Illinois Cent. R. Co. v. Humphries

Decision Date11 June 1934
Docket Number30905
Citation155 So. 421,170 Miss. 840
CourtMississippi Supreme Court
PartiesILLINOIS CENT. R. CO. v. HUMPHRIES

Division A

1. MASTER AND SERVANT.

Recovery under Federal Employers' Liability Act must be on basis of employer's negligence (Federal Employers' Liability Act [45 U.S.C. A., sections 51-59]).

2 TRIAL.

Trial judge is invested with sound discretion to direct a verdict when plaintiff's evidence is unreasonable.

3. MASTER AND SERVANT.

Verdict should be directed for employer where cause of injury of deceased servant rests solely on conjecture.

4. MASTER AND SERVANT.

Whether railroad was negligent in piling cinders too close to track held for jury in action for death of brakeman allegedly knocked from footboard of locomotive tender by coming in contact with cinders (Federal Employers' Liability Act [45 U.S.C. A., sections 51-59]).

5. MASTER AND SERVANT.

Whether negligent piling of cinders too close to track was proximate cause of death of brakeman allegedly knocked from footboard of locomotive tender by coming in contact with cinders held for jury (Federal Employers' Liability Act [45 U.S.C. A., sections 51-59]).

6. MASTER AND SERVANT.

Assumption of risk is a defense to action based on Federal Employers' Liability Act (Federal Employers' Liability Act [45 U.S.C. A., sections 51-59]).

7. MASTER AND SERVANT.

Whether brakeman assumed risk of railroad's placing of cinders too close to track a few days before brakeman was knocked from footboard of locomotive tender by coming in contact with cinders containing "clinkers" held for jury "clinkers" being stony pieces of matter vitrified or fused from impurities in burning coal (Federal Employers' Liability Act [45 U.S.C. A., sections 51-59]).

8 WITNESSES.

In action for death, communications made by decedent to his physician about a year before his death held privileged (Code 1930, section 1536).

9. EVIDENCE.

In action for death of brakeman allegedly killed by coming in contact with cinders containing clinkers alongside track, admission in evidence of clinkers which witness testified were like the ones in the cinders along the track held not error (Federal Employers' Liability Act [45 U.S.C. A., sections 51-59]).

10. DEATH.

Recovery in action for death under Federal Employers' Liability Act is measured, not by decedent's earnings, but by portion that might reasonably have been bestowed on beneficiaries had decedent not been killed (Federal Employers' Liability Act [45 U.S.C. A., sections 51-59]).

11. DEATH.

Fifty thousand dollars held excessive for death of brakeman of forty-six earning from employment and outside activities three hundred fifty dollars to five hundred fifty dollars monthly and leaving widow of forty-three and two sons aged eleven and thirteen (Federal Employers' Liability Act [45 U.S.C. A., sections 51-59]).

12. APPEAL AND ERROR.

Where damages allowed in death action are excessive, and record is so confused that damages cannot be fixed on appeal, judgment not containing other error will be affirmed as to liability but reversed and remanded for trial on question of damages.

HON. S. F. DAVIS, Judge.

APPEAL from circuit court of Holmes county HON. S. F. DAVIS, Judge.

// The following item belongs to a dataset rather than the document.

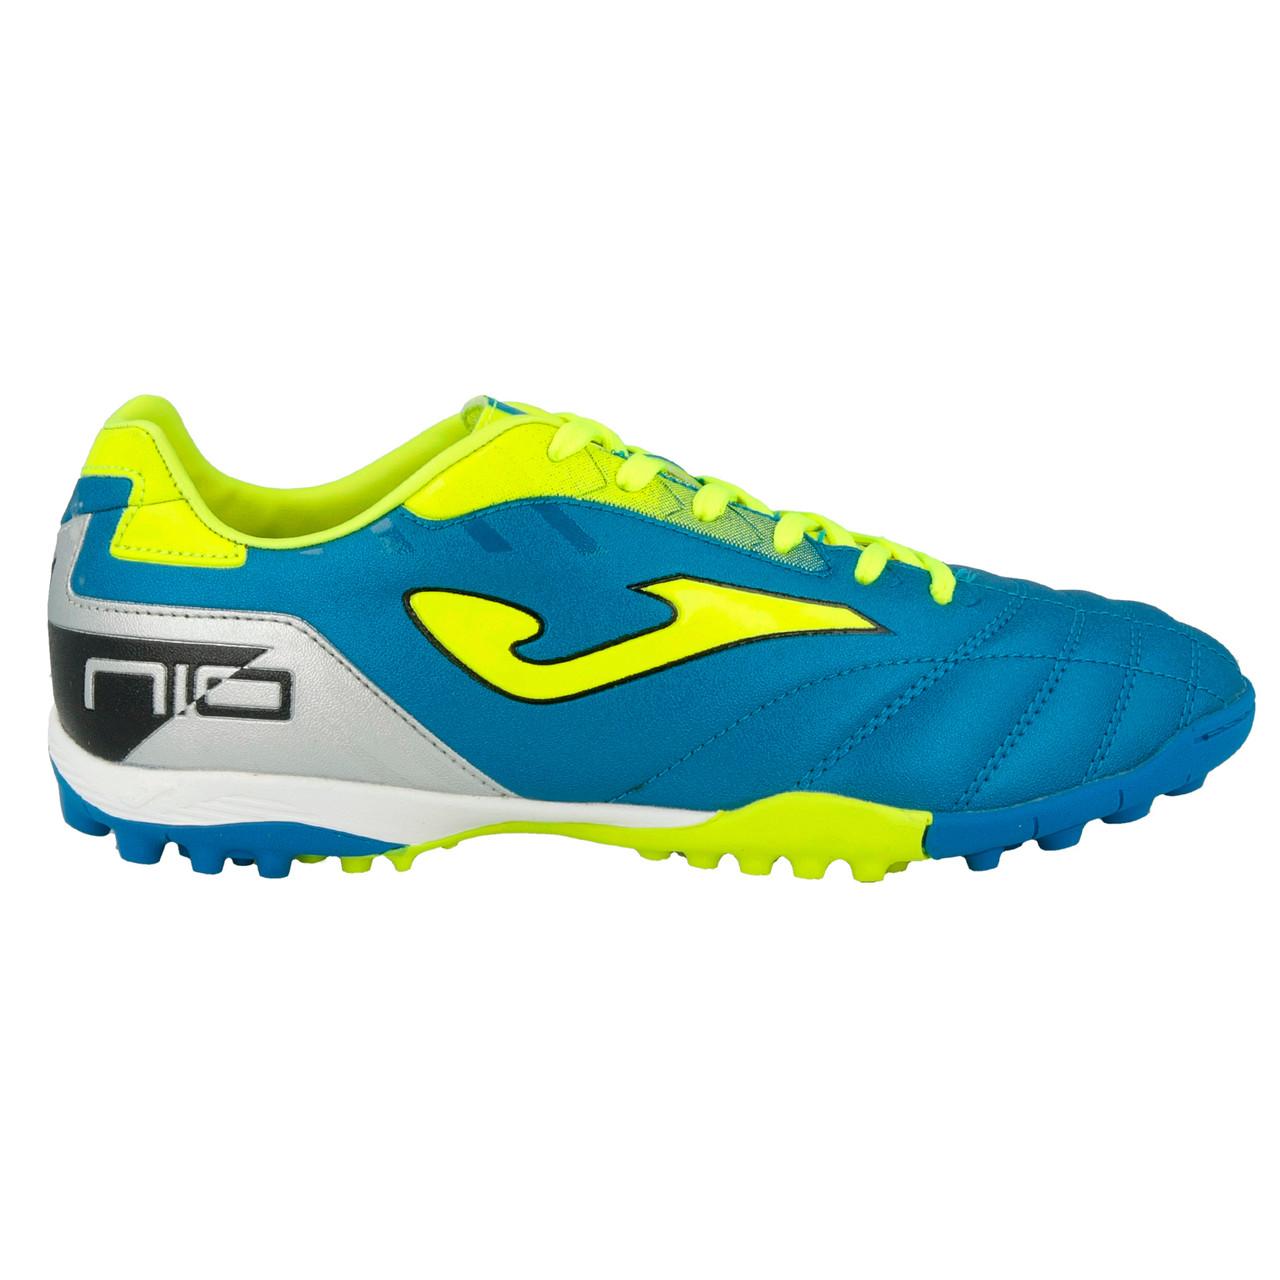 Обувь для футбола (сороканожки) Joma Numero-10 TF , цена 999 грн ... afb9af36815

Action by Mrs. Lucy Humphries, executrix of the estate of Tom S. Humphries, deceased, against the Illinois Central Railroad Company. From a judgment for plaintiff, defendant appeals. Affirmed on liability, and reversed and remanded for trial on damages.

Affirmed on liability; reversed and remanded on damages.

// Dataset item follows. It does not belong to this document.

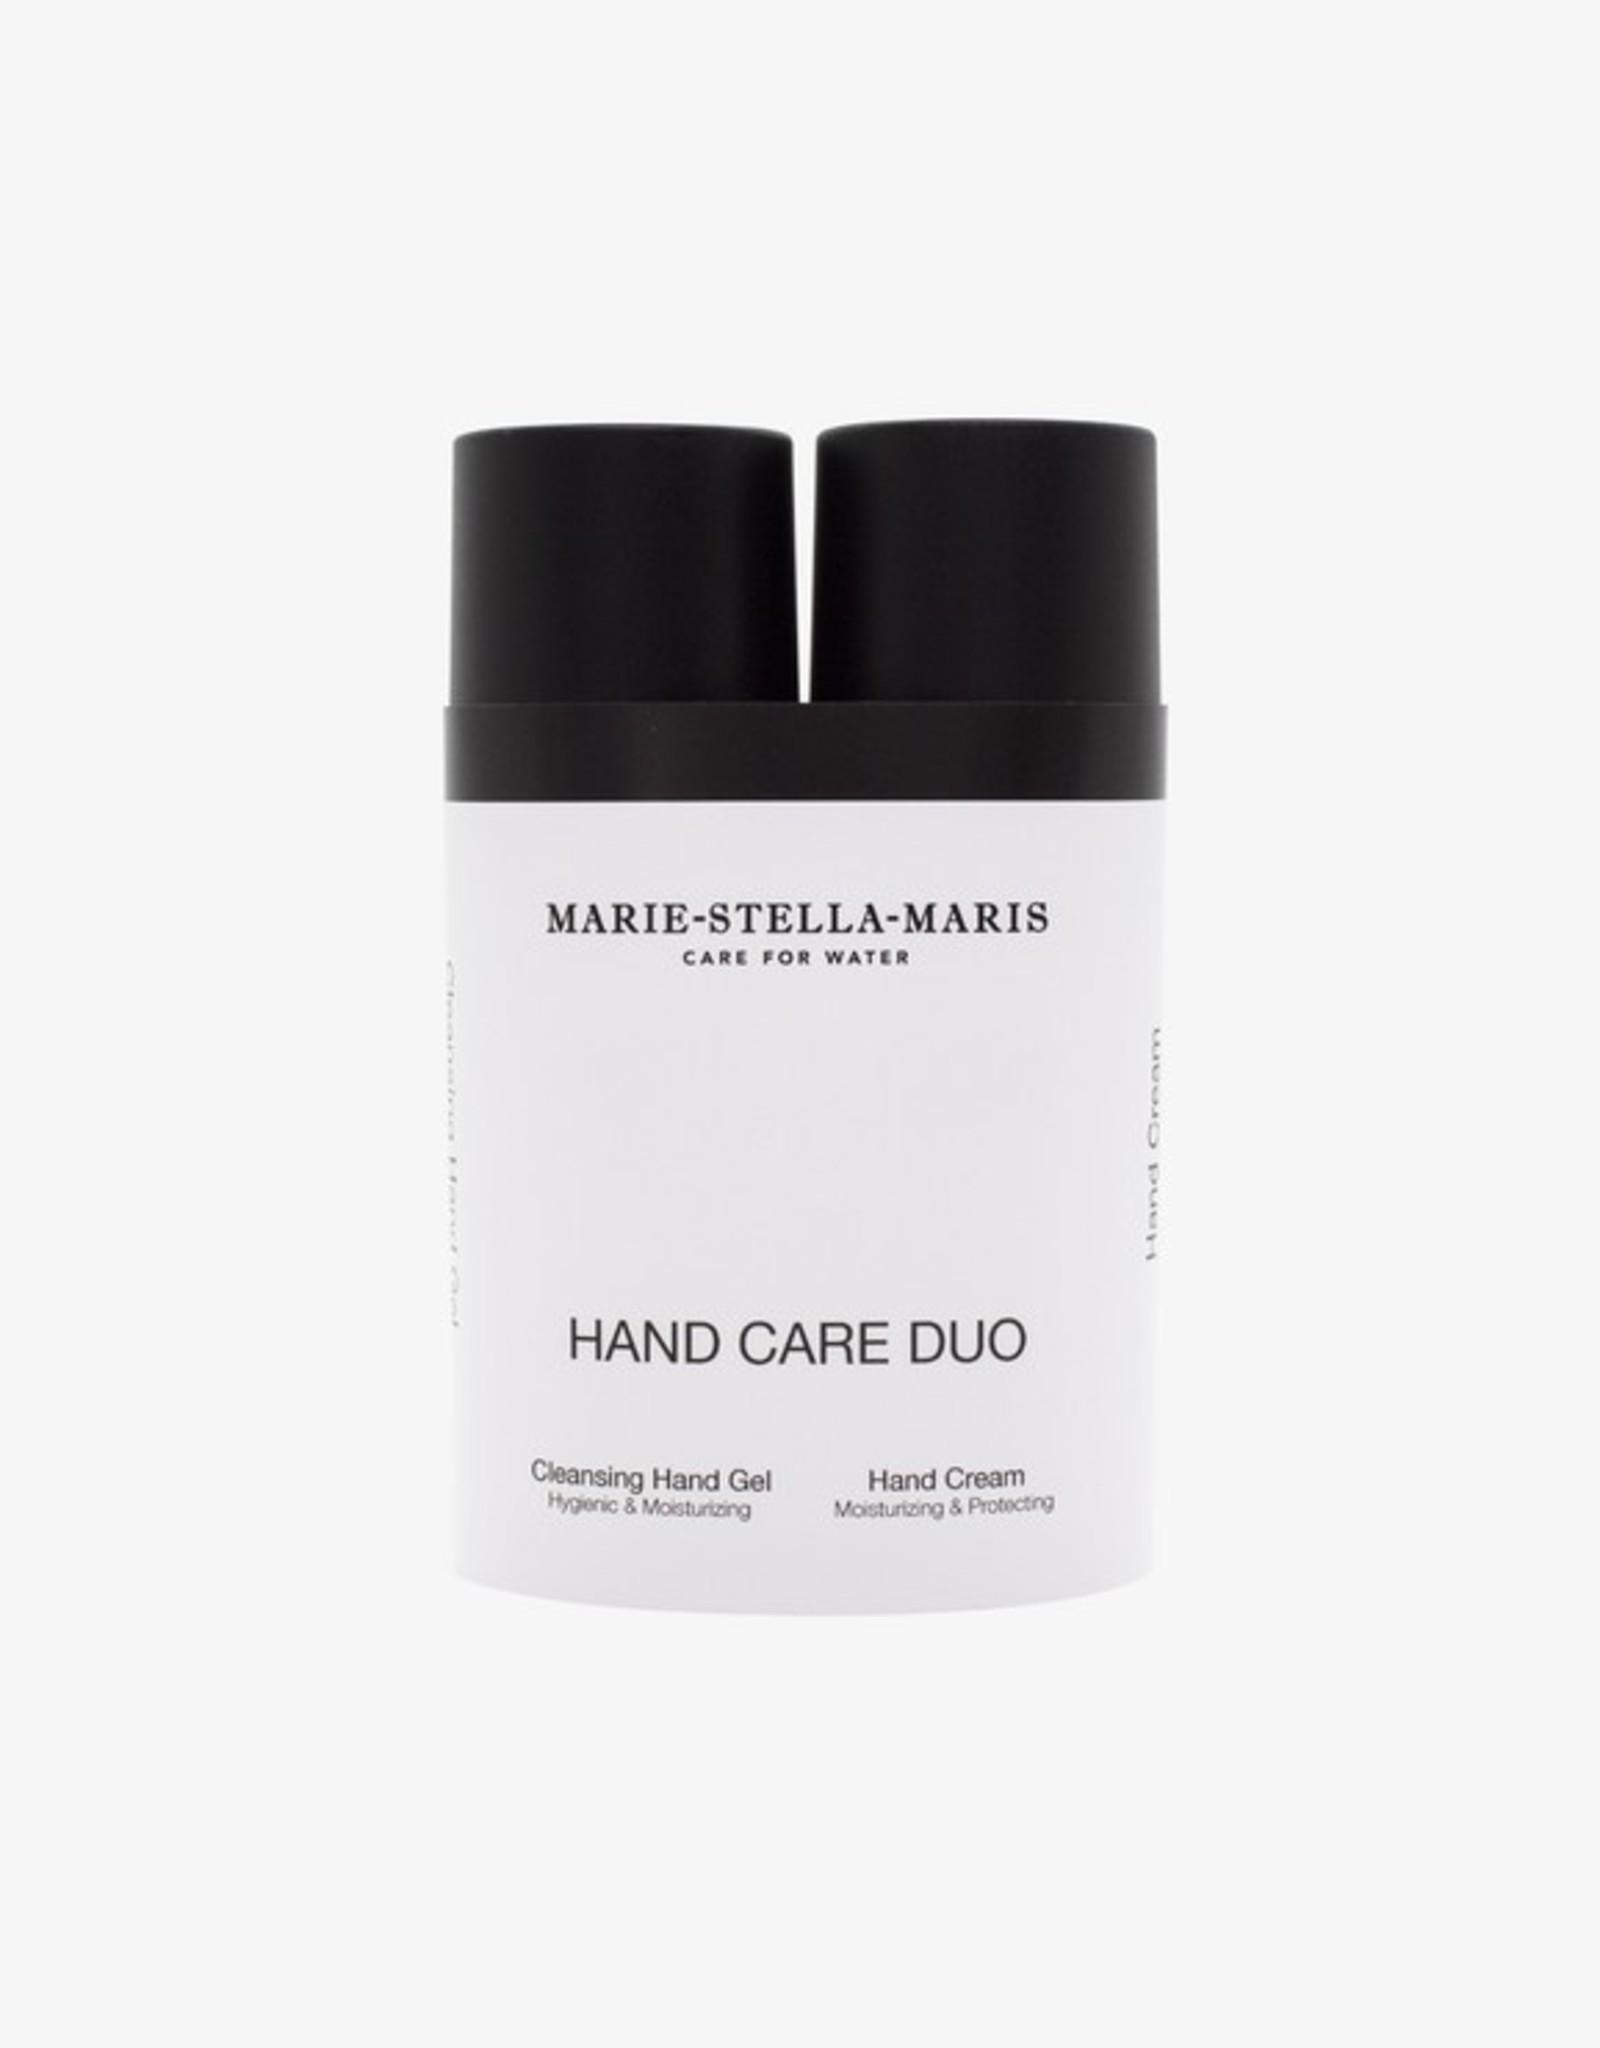 Marie-Stella-Maris Hand Care Duo

Burch, Minor & McKay, of Memphis, Tenn., and A. M. Pepper, of Lexington, for appellant.

This case is concededly under the Federal Employers' Liability Act.

Recovery is on basis of negligence only.

D. L. & W. R. Co. v. Koske, 279 U.S. 7; N. O. & N. E. R. Co. v. Penton, 135 Miss. 571.

Assumption of risk is a complete defense as to ordinary risks of employment and also extraordinary risks which are obvious.

Jacobs v. So. R. Co., 251 U.S. 229; D. L. & W. R. Co. v. Koske, 279 U.S. 7; G. & S. I. R. Co. v. Hale, 140 Miss. 833; L. & N. R. Co. v. Russell, 164 Miss. 538.

Applicable principles of common law as interpreted and applied in federal courts control--conflicting state laws and decisions superseded.

Y. & M. V. R. Co. v. McCaskell, 118 Miss. 633; M. & O. R. Co. v. Clay, 156 Miss. 477; N. O. & N. E. R. Co. v. Harris, 247 U.S. 367; Pa. R. Co. v. Chamberlain, 77 L.Ed. 503.

Directed verdict should be granted even though some conflict in evidence when in exercise of sound discretion verdict would be set aside on motion for new trial.

Pa. R. Co. v. Chamberlain, 77 L.Ed. 503; Small Co. v. Lamborn & Co., 267 U.S. 248.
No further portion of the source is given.